Here's the 2,500,000th guitar to come through Martin’s factory and built by their team. The guitar was made from birdseye Belizean rosewood and heavy Sitka spruce. Display built by Jody Betz.

Positive Grid Spark Mini

Positive Grid announced the Spark Mini, which is a full featured practice amp that also works as a Bluetooth speaker. The free app allows for deep signal-chain editing and comes loaded with a ton of amp and effects. They are taking pre-orders now at an intro price of $195.

Dreadbox Treminator

At $199, Dreadbox’s Treminator goes way past trad-style trem. It offers five different wave shapes, fade in/out controls, tap tempo, and a handful of “secret” features when you hold down one of the footswitches. Think Minus the Bear in a box.

VegaTrem VT-2

Do you love Teles and wigglesticks? VegaTrem just gave us a quick look a the VT-2, which takes there rock-solid trem technology and applies it to T-style setups. Installation isn’t invasive and the bar feels smooth as silk. Pricing is TBA, but look for them this fall.

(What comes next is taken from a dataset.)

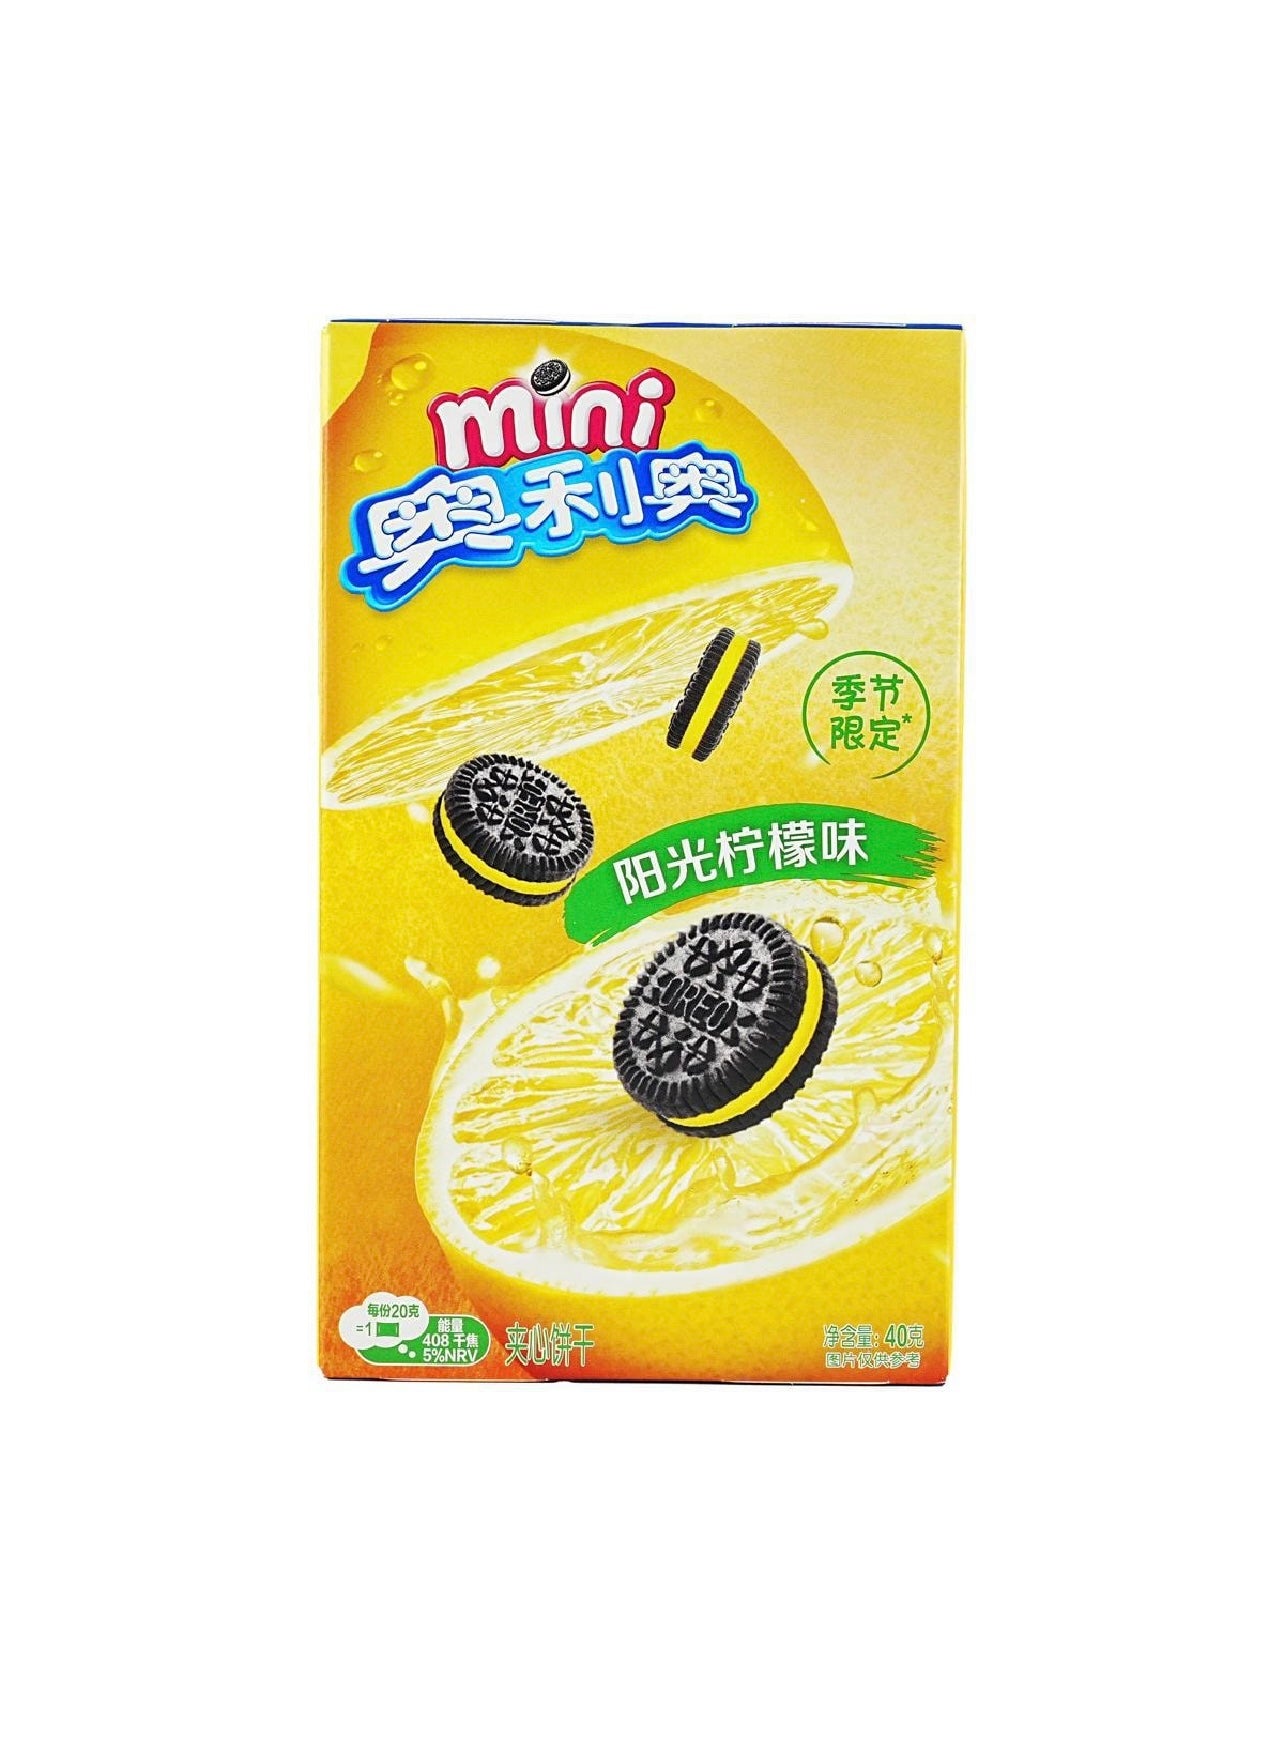 OREO Biscuit Lemon Flavor 1.41 oz - China
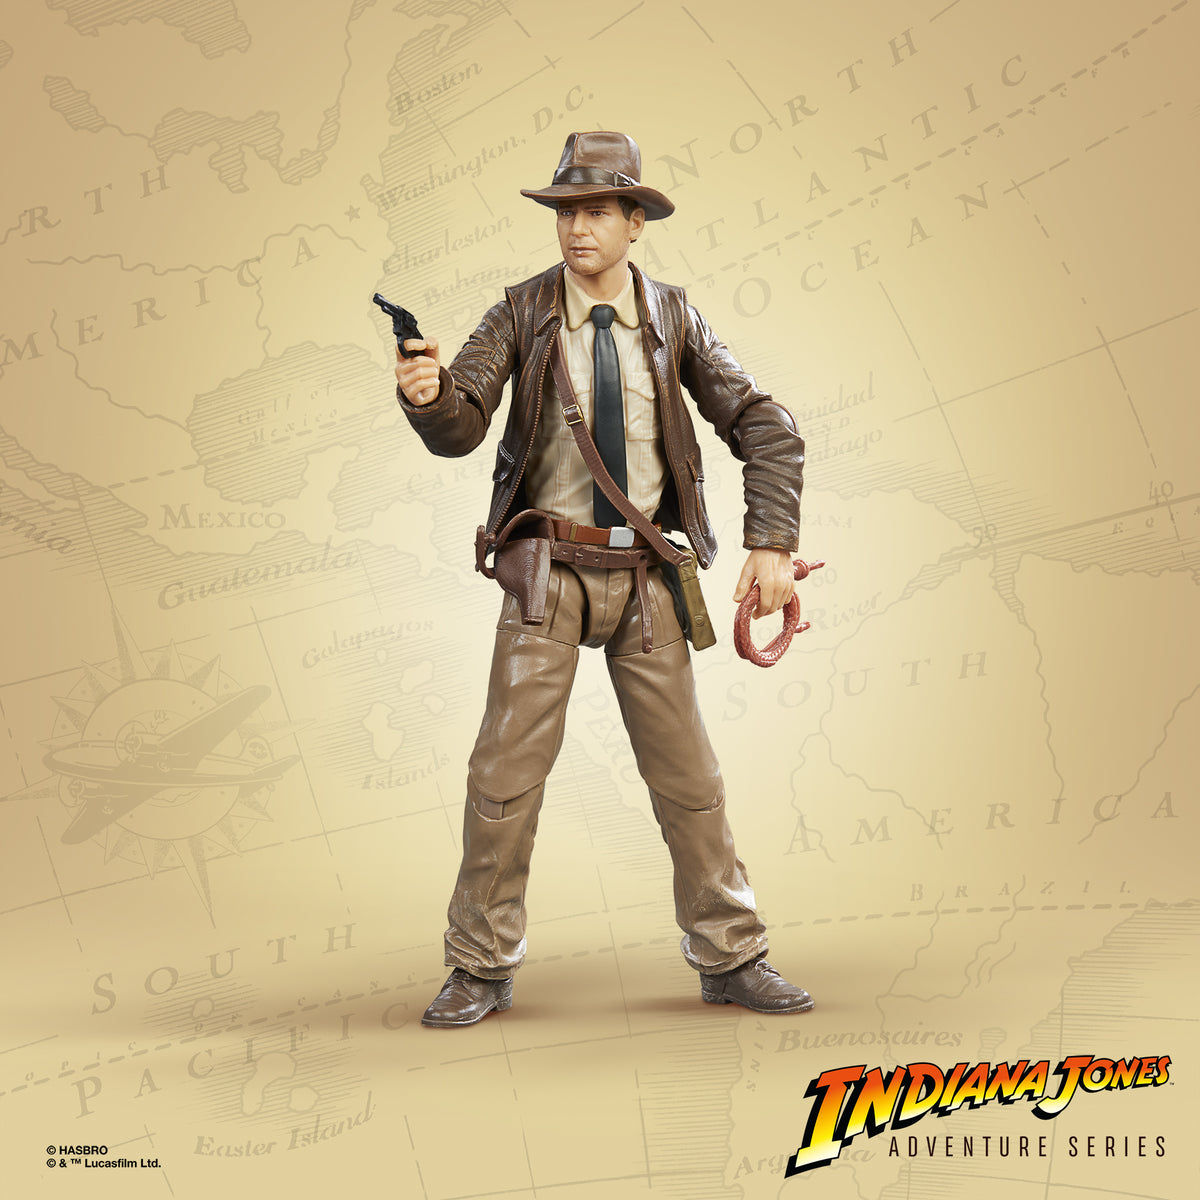 Indiana Jones Adventure Series Indiana Jones (Last Crusade) – Hasbro Pulse

Manhattan Prestige Basses Session One

Famed session legend Neil Jason founded a new instrument company called Manhattan Prestige Basses and brought their first model, the Session One, to NAMM. It’s an incredibly well-balanced instrument that sports an alder body, maple neck, Tusq nut, Luminay fret markers, and a Wilkinson bridge. A rock-solid workhorse that comes in at $999 street.

Imperial Electric: The Appetite

Red Witch’s Ben Fulton debuted his new company, Imperial Electric, and pair of amp-in-a-box pedals that pay tribute to two seminal guitar heroes. The Zeppelin aims to capture the tone from a particularly influential MSG concert film by combining a Echoplex-style preamp with a FET-based plexi-style amp circuit. The Appetite takes aim at the sound of the Sunset Strip by combining a more modern-sounding FET-based amp circuit with a germanium boost to push it over the top. Both will street for $229 each.

GTRS S800

The S800 from GTRS is powered by Mooer’s robust modeling technology. This S-style guitar pairs with a Bluetooth foot controller (sold separately) and an app to craft nearly any kind of signal chain you can imagine. There’s a single control knob on the guitar that allows you to cycle through presets on the fly. All for about $1,000 street.

Audient EVO16

The Audient EVO16 is a fully featured recording solution that offers 8 inputs, phantom power, multiple headphone outputs, and an inventive Smart Gain feature that makes setting levels a snap. Will hit stores soon at $499.

Pro Co Lil' Rat

The classic tone of the Rat has been shrunk into a micro-sized enclosure. It has the exact same circuitry and clipping as the original, just smaller. In order to save space they took out the battery option, but it still sounds as gnarly as ever. And quite a deal at $79.

Blackstar St. James

Blackstar spent the last two years developing a new line of ultra-powerful and ultra-light amps. The St James series offers two different setups (6L6 and EL84) that include a full 3-band EQ, dual channels, reverb, reactive load options, and deep editing via an app. Heads are $1,199, combos are $1,299, and the 2x12 can is $749.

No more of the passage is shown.